[Records from a dataset]

§ §

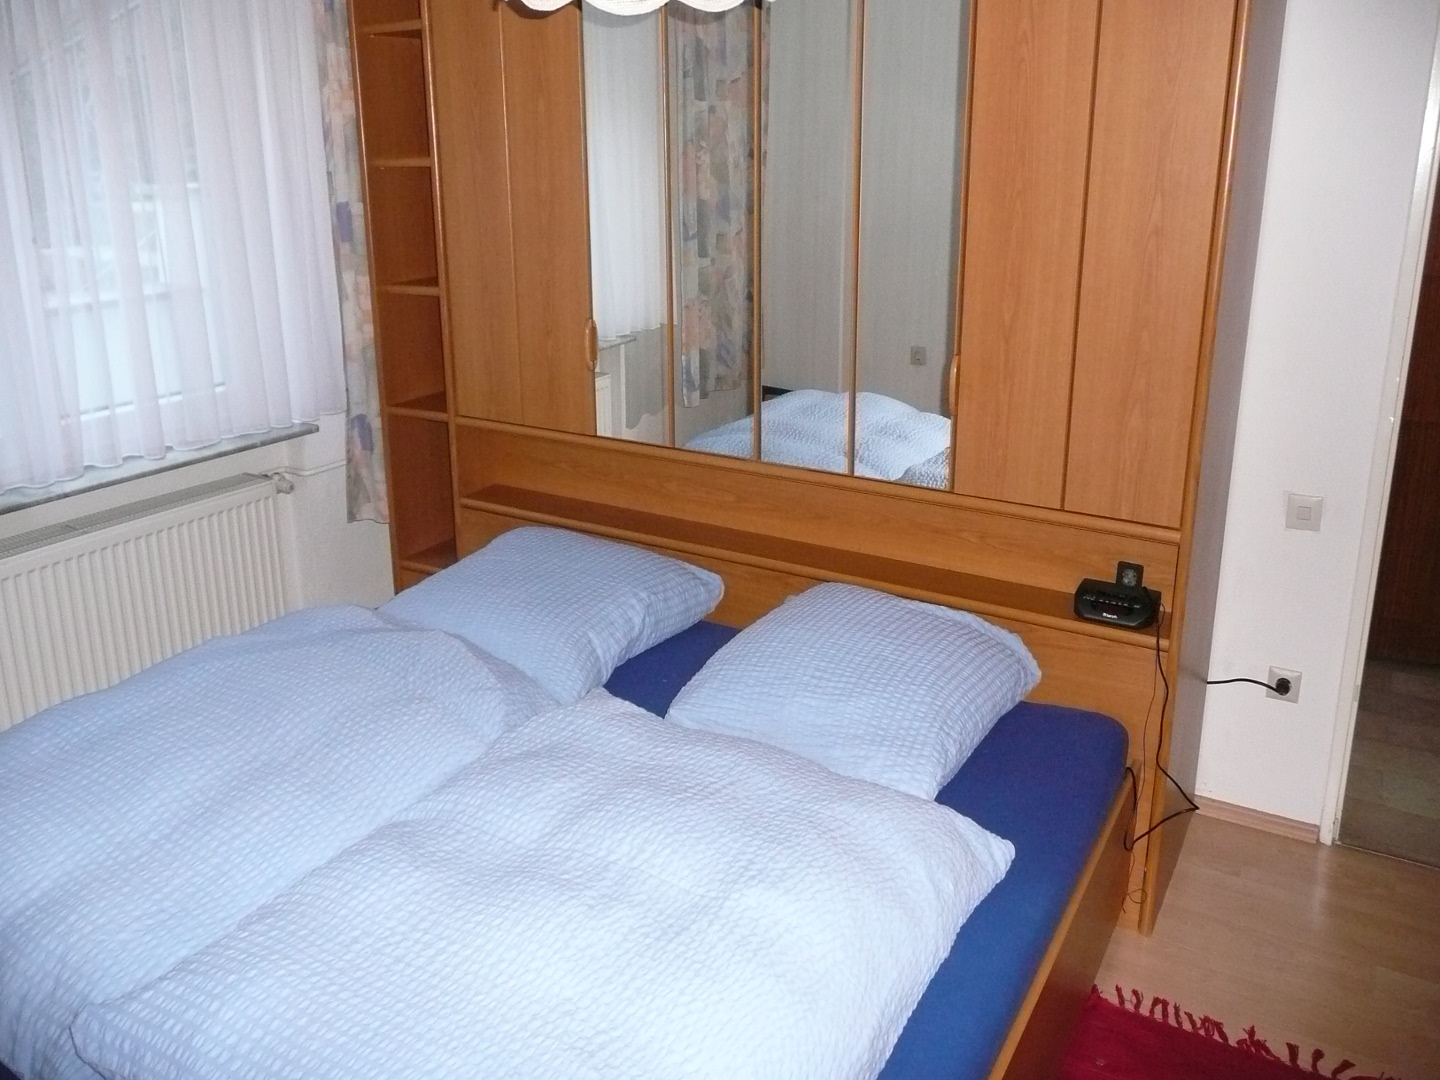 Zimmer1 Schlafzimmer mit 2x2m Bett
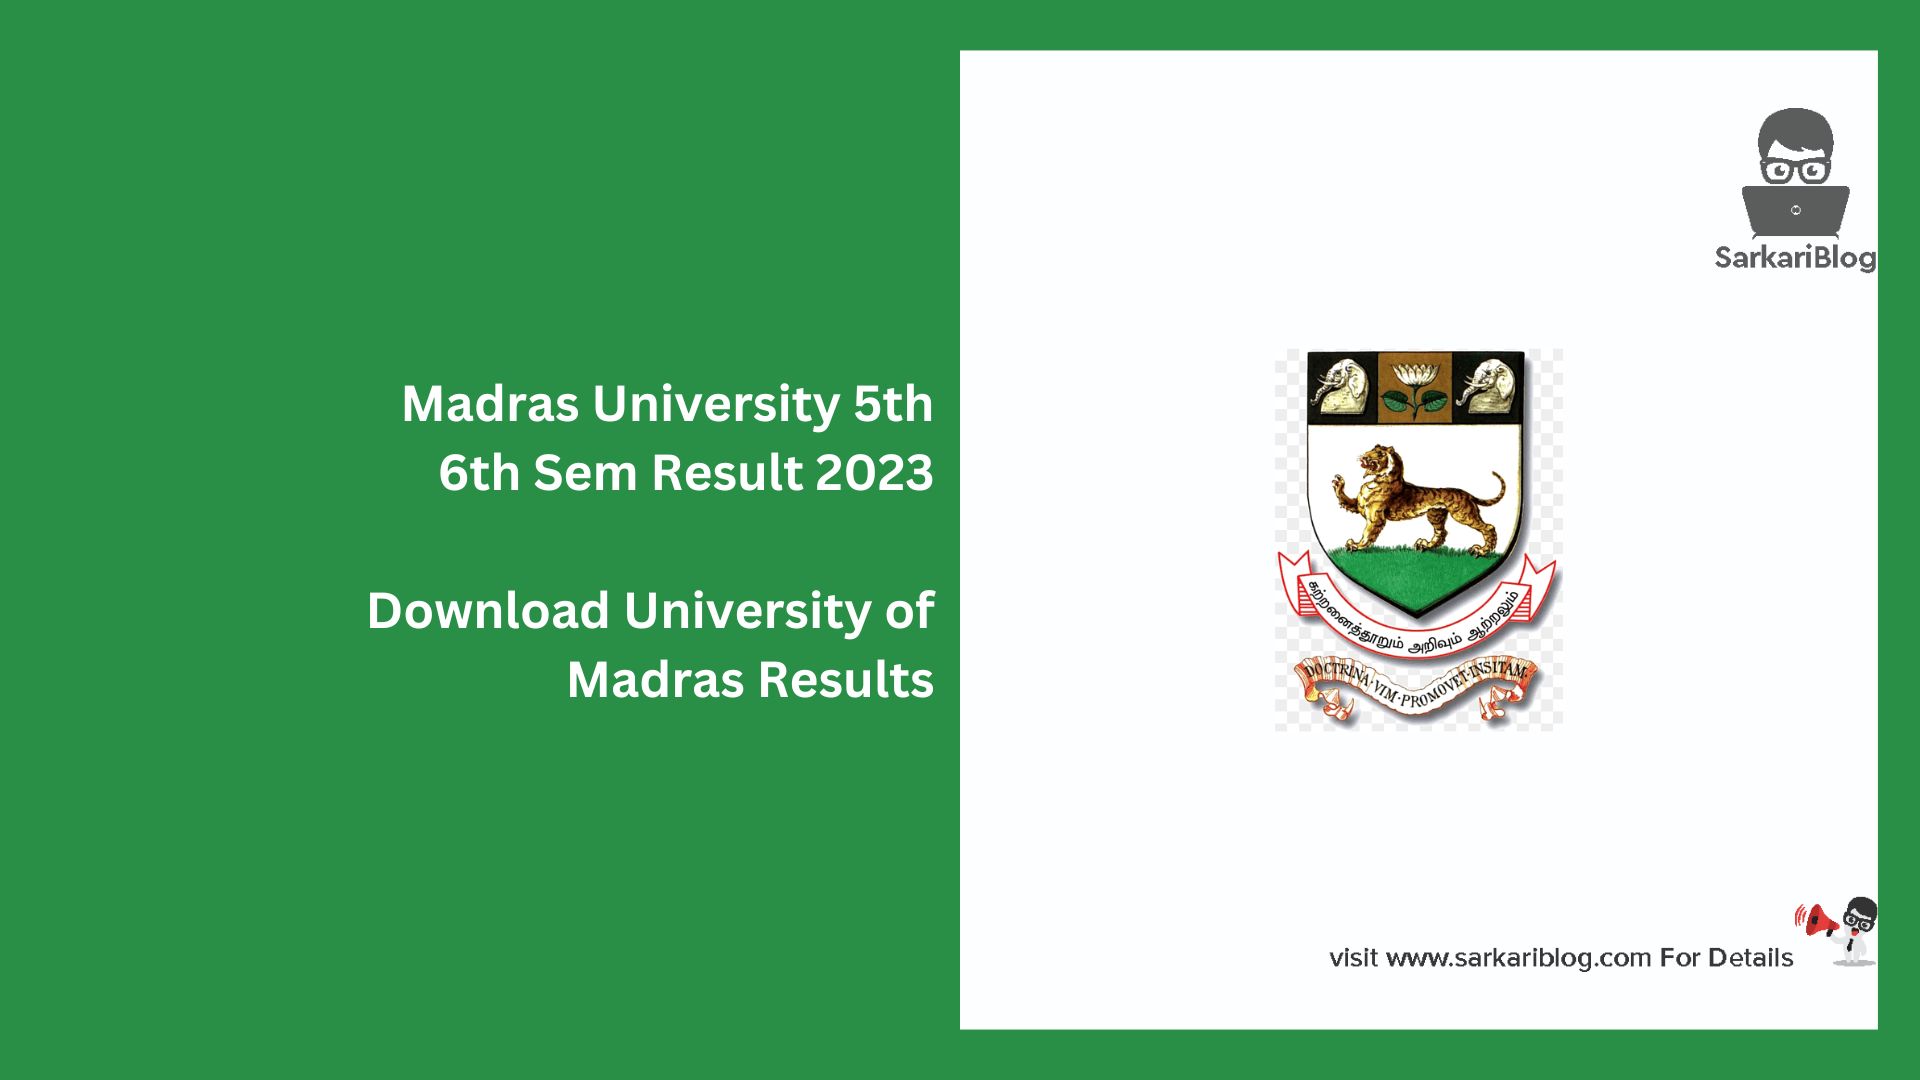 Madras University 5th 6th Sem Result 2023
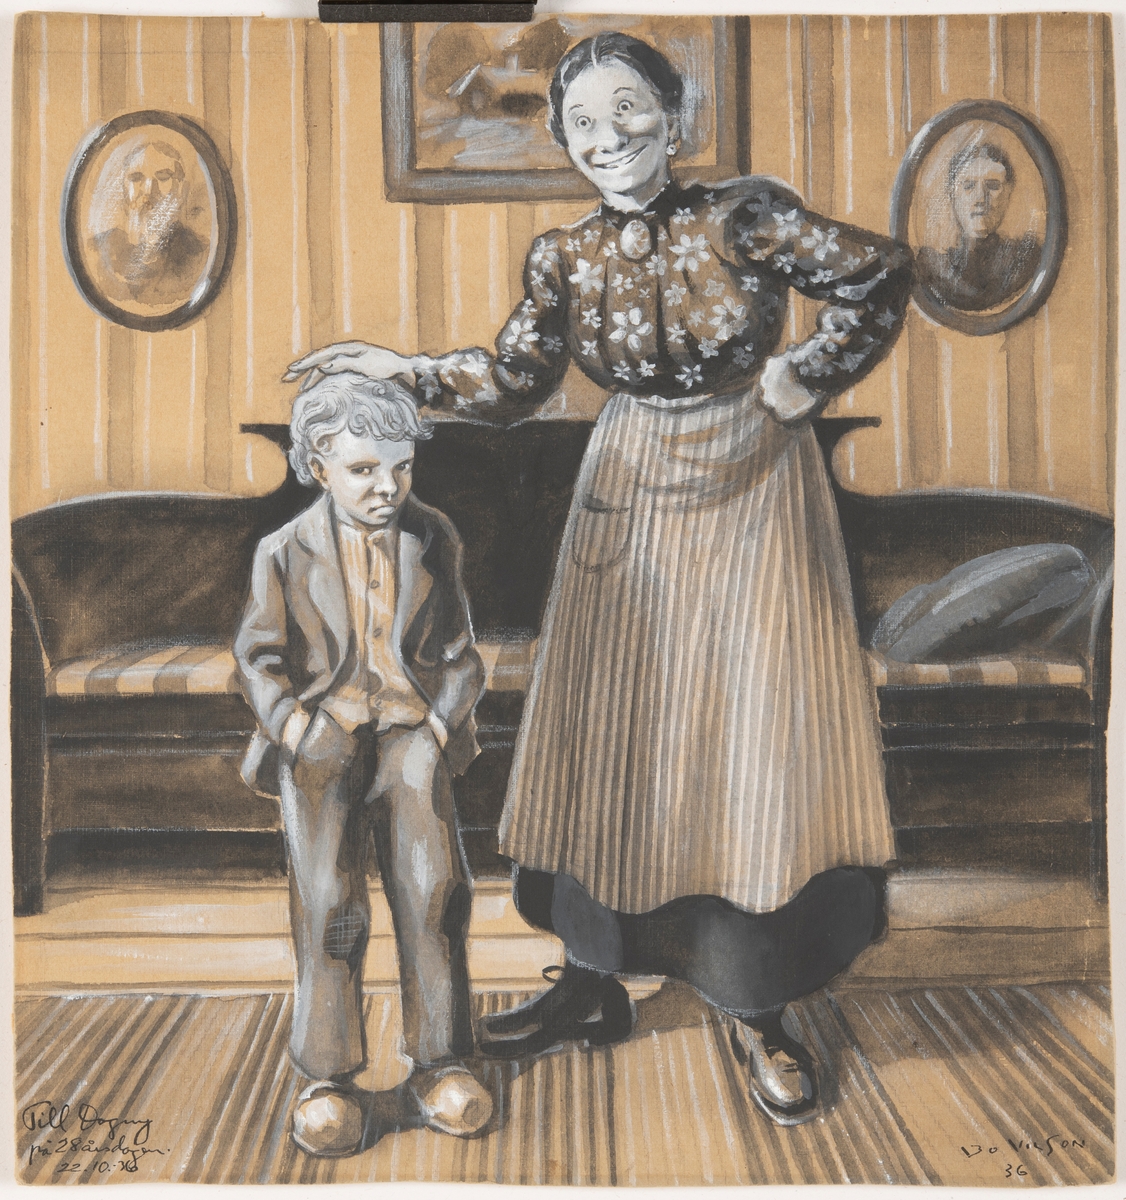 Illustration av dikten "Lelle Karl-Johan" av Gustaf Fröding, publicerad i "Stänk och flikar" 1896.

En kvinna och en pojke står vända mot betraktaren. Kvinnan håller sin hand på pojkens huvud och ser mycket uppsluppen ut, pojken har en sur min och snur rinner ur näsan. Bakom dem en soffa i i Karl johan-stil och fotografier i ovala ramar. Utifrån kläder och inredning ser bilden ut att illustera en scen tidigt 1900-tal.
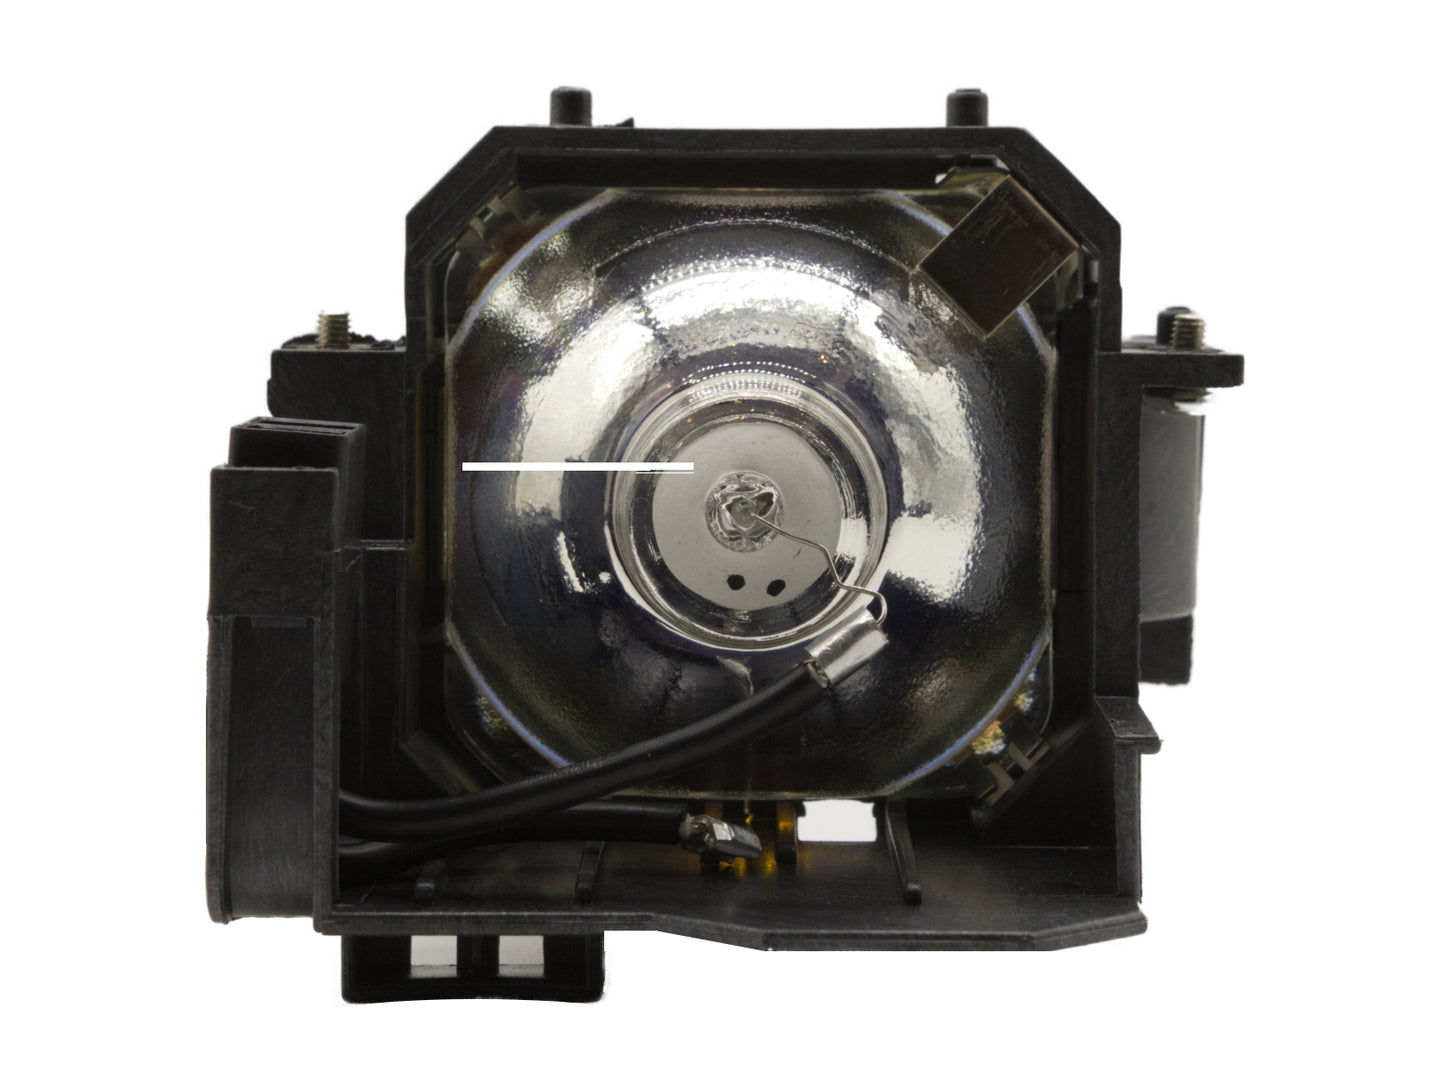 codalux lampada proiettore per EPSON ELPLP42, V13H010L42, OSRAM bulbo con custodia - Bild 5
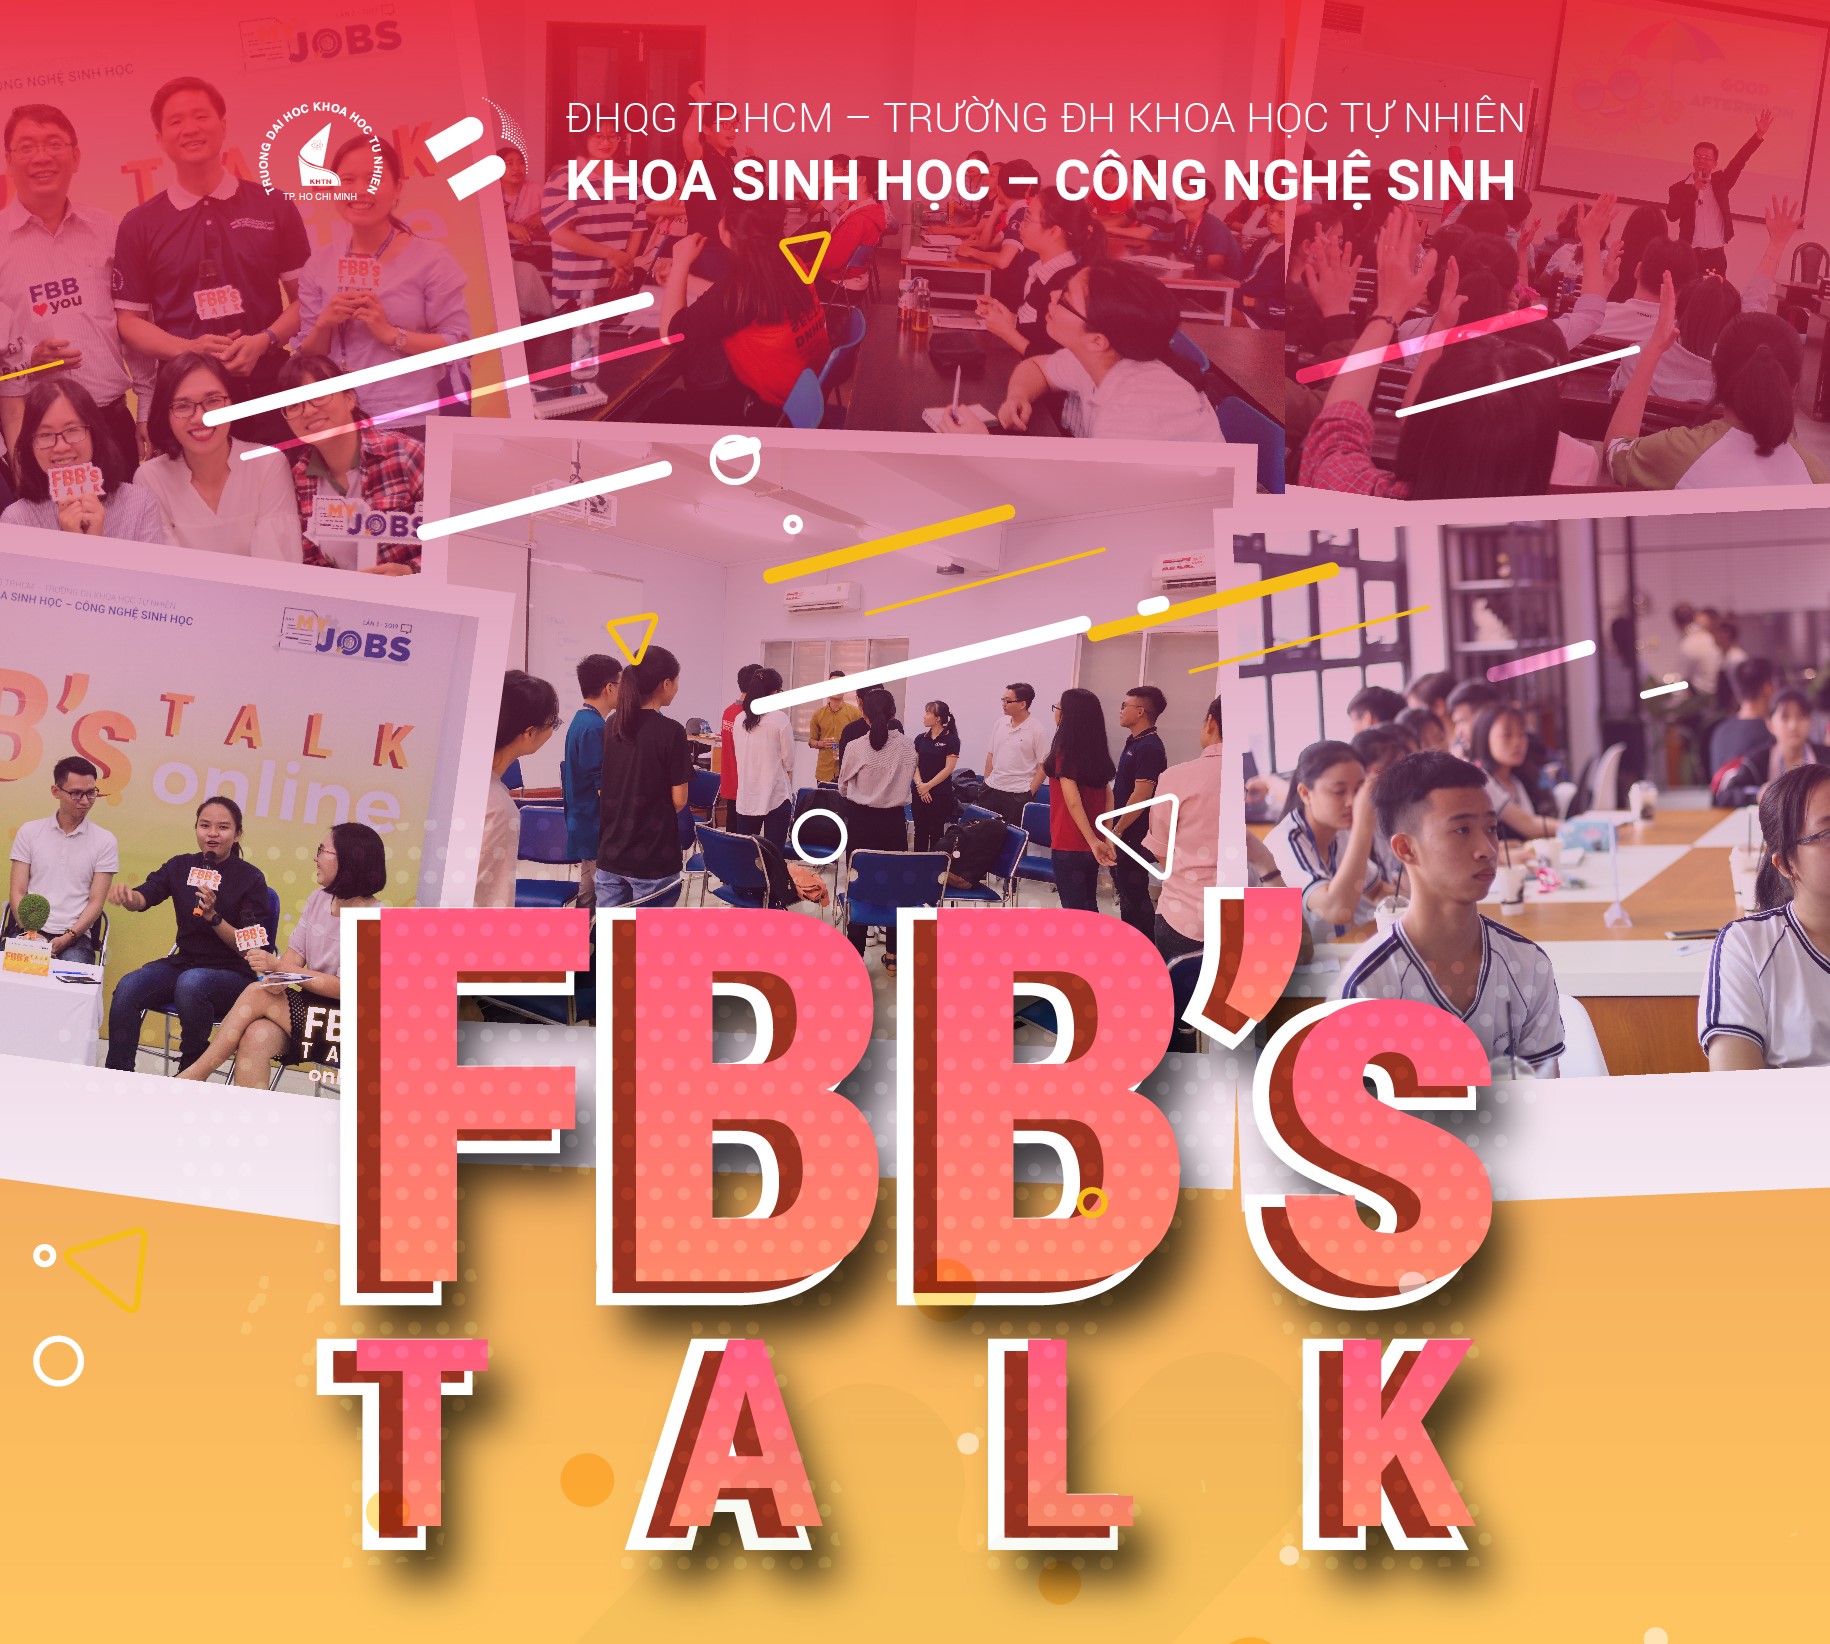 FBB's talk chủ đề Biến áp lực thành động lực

§ §

Your goal —
Above are the records. Copy word for word only their lines from the one holding "Madras University 5th 6th Sem Result 2023" through the one holding "Illustration av dikten", both included, and skip the images.

Response to this task —
 Madras University 5th 6th Sem Result 2023
 Illustration av dikten "Lelle Karl-Johan" av Gustaf Fröding, publicerad i "Stänk och flikar" 1896.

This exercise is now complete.